All DDP-enabled training scripts use NCCL backend on localhost:12355.

DataLoader (Dataloader/)

  • dataLoader.py β€” All dataset classes. Data comes from JSON mapping files in nifty_mappings/ that map NIfTI file paths to metadata (Modality, ROI, Size, Spacing_mm, BERT embeddings).
    • OMDataset_indiv β†’ returns [volume, embd] (shape: [1,sz,sz,sz], [1024])
    • OMDataset_pair β†’ returns [volume_A, volume_B, embd_A, embd_B]
    • DummyOMDataset_indiv / DummyOMDataset_pair β†’ random tensors for XPU testing without data
  • dataloader_utils.py β€” get_sizeRange_dict() for ROI-based filtering, image thresholding, DICOM reading.
  • bert_helper.py / embding_gen.py β€” BERT text embedding generation.
  • Filtering chain: min dimension β†’ modality β†’ ROI β†’ label presence.

Config (Config/)

YAML files with keys: data_name, net_name, ndims (2 or 3), img_size, batchsize, timesteps (default 80), v_scale, lr, epoch, noise_scale, condition_type ('uncon', 'adding', 'project', etc.), augmentation params (start_noise_step, noise_step, aug_coe).

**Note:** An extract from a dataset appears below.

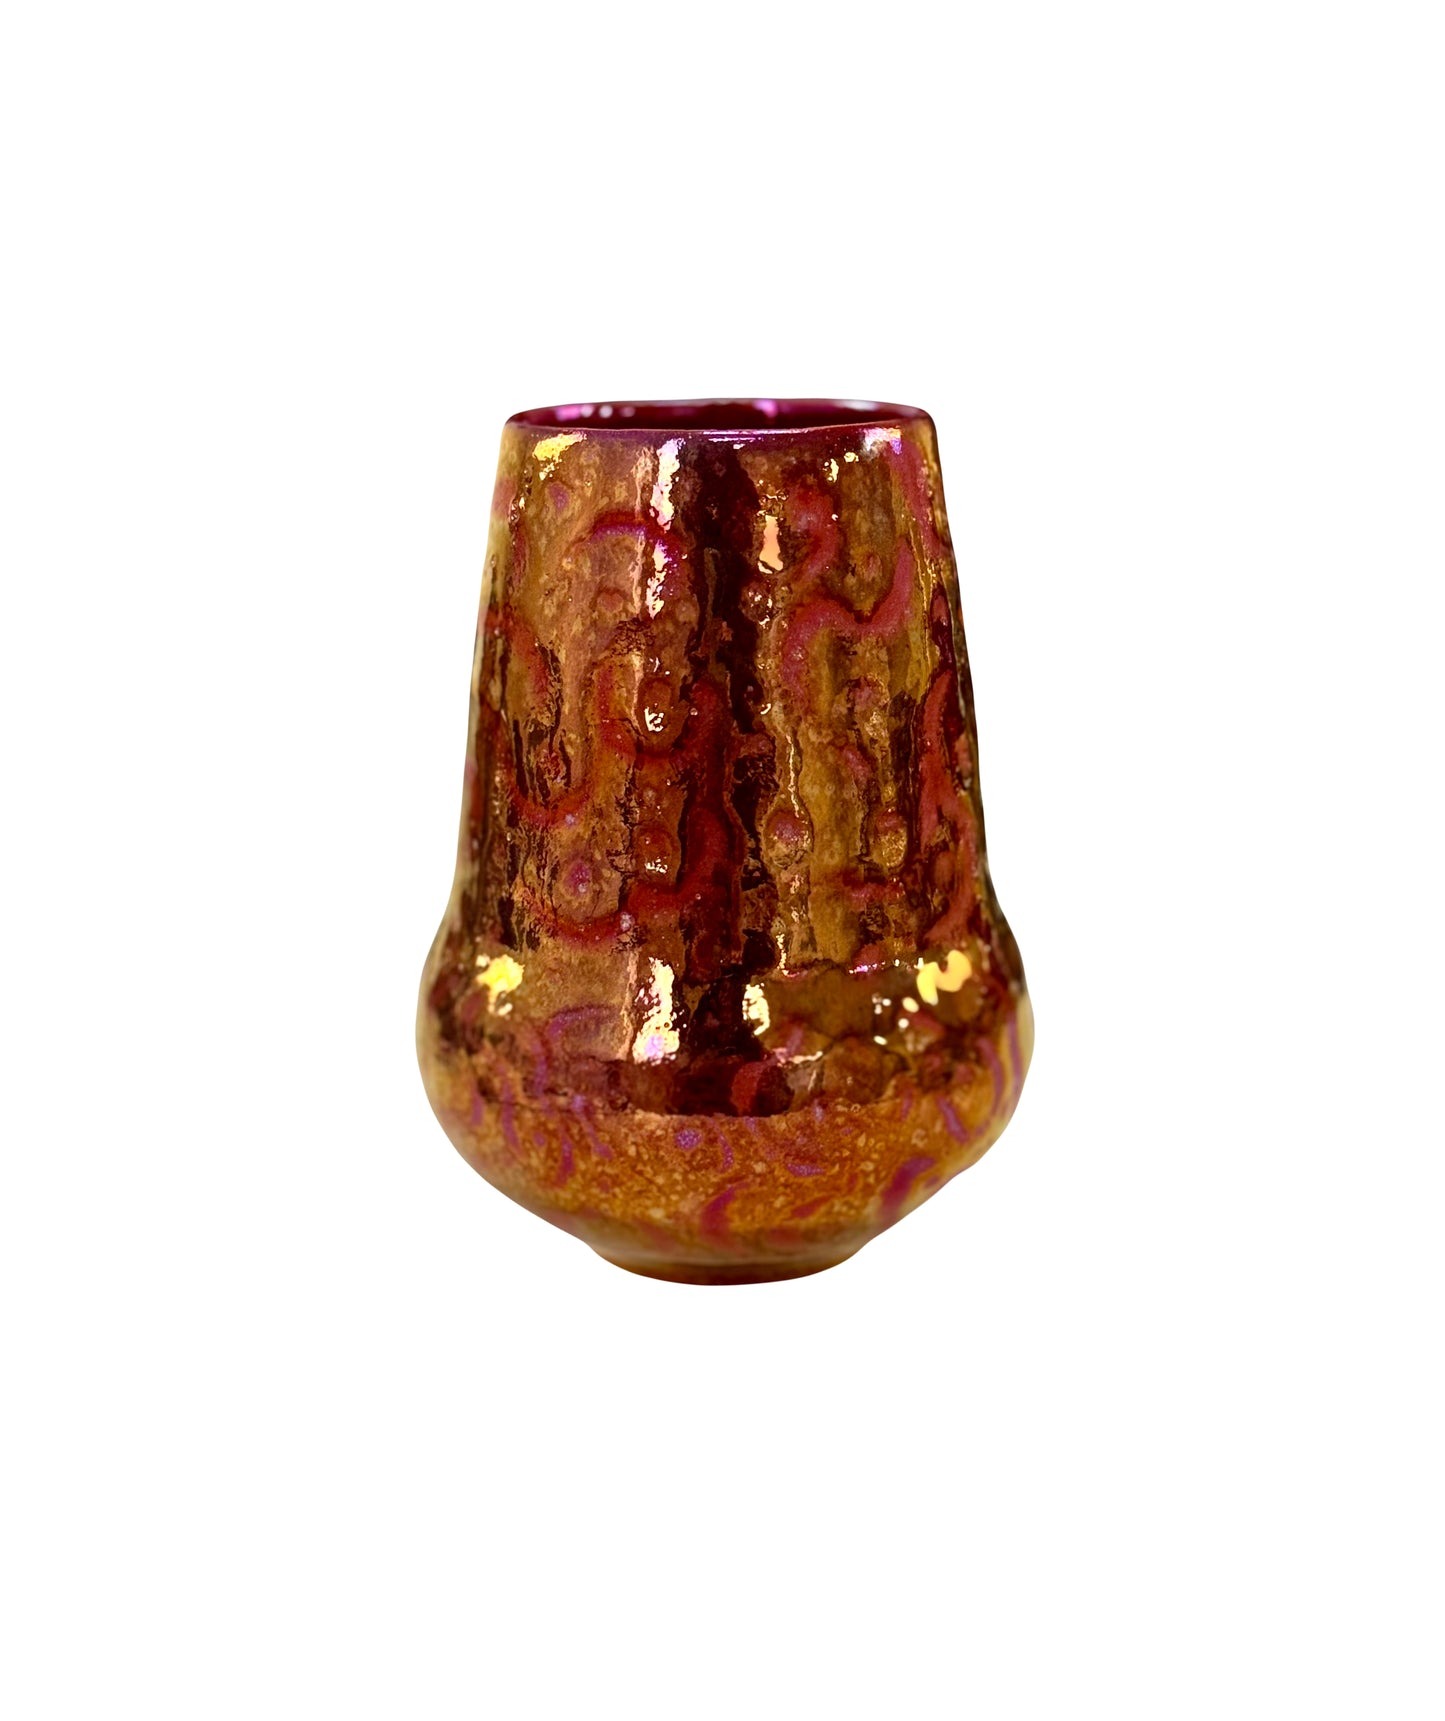 Copper Luster Glaze Vase with Sgraffito Design

Augmentation (OM_aug.py, OM_aug_highres.py)

Loads a trained checkpoint and generates augmented samples. Controlled by start_noise_step (higher = less deformation), aug_coe (samples per input, typically 32-64). Outputs saved to Data/Aug_data/{dataset}/img|msk|ddf/.

Key Conventions

  • Models saved as {epoch:06d}_{data_name}_{net_name}.pth containing model_state_dict, optimizer_state_dict, epoch.
  • CT images clamped to [-400, 400] HU before normalization.
  • SimpleITK axis order is reversed from NumPy (reverse_axis_order()).
  • Mapping JSON files in nifty_mappings/ are Git LFS tracked (large files).
  • utils.py provides get_transformer() for random affine augmentations and get_random_deformed_mask() for blind masks.

Dependencies

PyTorch 1.12+ with CUDA, SimpleITK, nibabel, scikit-image, einops, pydicom, transformers (HuggingFace), swanlab (optional, for experiment tracking). See requirements.txt.